I am using ATI PowerColor x1600pro 512MB AGP.  No problem with 0.25 beta 15.  And looks like my problem with extended display is fixed in beta 15.  The problem with fan control still there.  Which is I need to press 'apply' after return from 3D to set the fan speed control correctly (fan speed according to GPU temperature).

Regards,
Arto.

Edit:  I am too fast, extended display problem still there...


----------



## n8236 (Aug 25, 2006)

Rooster, I do have the same problem as you. I decided to give 15 a try and it would dim my screen to near darkness w/ both speeds up to 945. As for the stable 14, the clock speeds start at 0/0, and whenver I tried to increase any bit of speed it would crash w/o question. 

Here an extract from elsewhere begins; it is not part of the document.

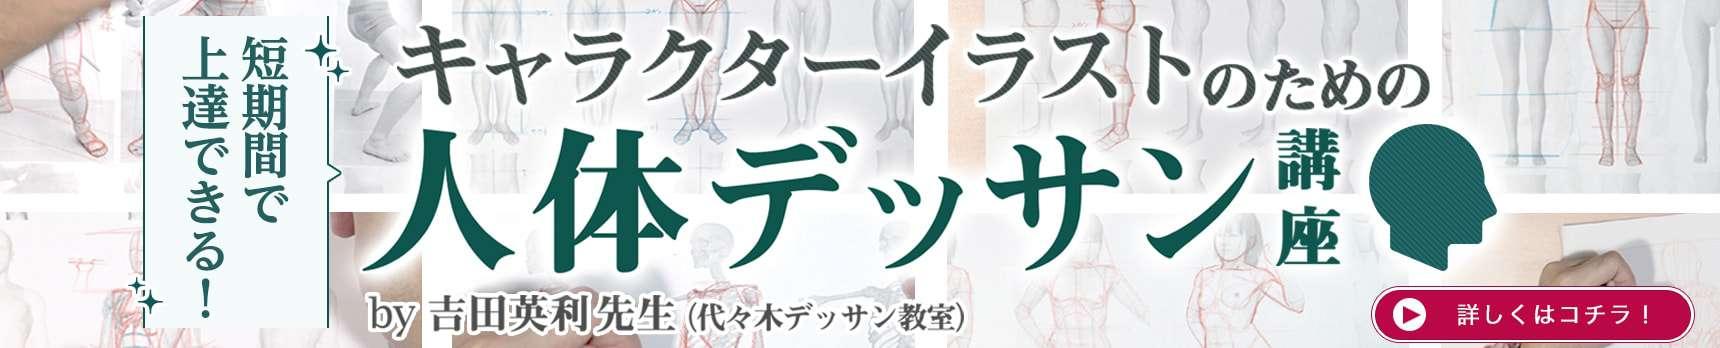 Yoshida banner pc

When I used beta 14 it worked fine. Since i'm a gamer I will be reverting back to it. I also have a mbp


----------



## pudding217 (Aug 26, 2006)

What games do you run with your X1600 AGP?(off topic)


----------



## n8236 (Aug 26, 2006)

I started using beta 14 of .25 and it's working like a charm. I'm able to oc from 300/300 to 450/450 rock stable. I can probably push it even more, but decided 450 was a good amount. 

W/ the new settings, my CS Source at 1280x900? (2nd to highest res 10:9 widescreen) on lowest/off settings except model and terrain on medium, I get 113 fps on the video stress tests. On a 32 people server I play on often, I only ocassionally get under 30 fps, but only for a very short time when there's a ton of stuff going on (ie. shooting, nades, and smoke) all at the same time. Otherwise I get on avg above 60 in my cases. 

W/ the old settings, I get a near 30 fps less, so you can imagine what a difference it has made. 

I am able to run most games at the moment. Prey ran very well, Titan Quest not bad, but somewhat laggy due to poor game coding/design, Oblivion was a bit laggy but quite playable. Call of Duty 2 was smooth as well, again rare occasions of 0 fps.


----------



## pudding217 (Aug 26, 2006)

so i guess its not the same RADEON X1600 PRO video Card on the ati.com website. 
the ati websites says original clock speeds are 390 mem\ and 500 core.
I am running my ati x700 PRO at  the same clock speeds as you are. 
yea i might not upgrade with ati anymore for agp. unless they bring a good agp card that can compete with the 7800 with pixel shader 3.
ddr4 is out and ...all i seen was pci-e. 
however they have to make an agp with ddr4.... (i hope?)


----------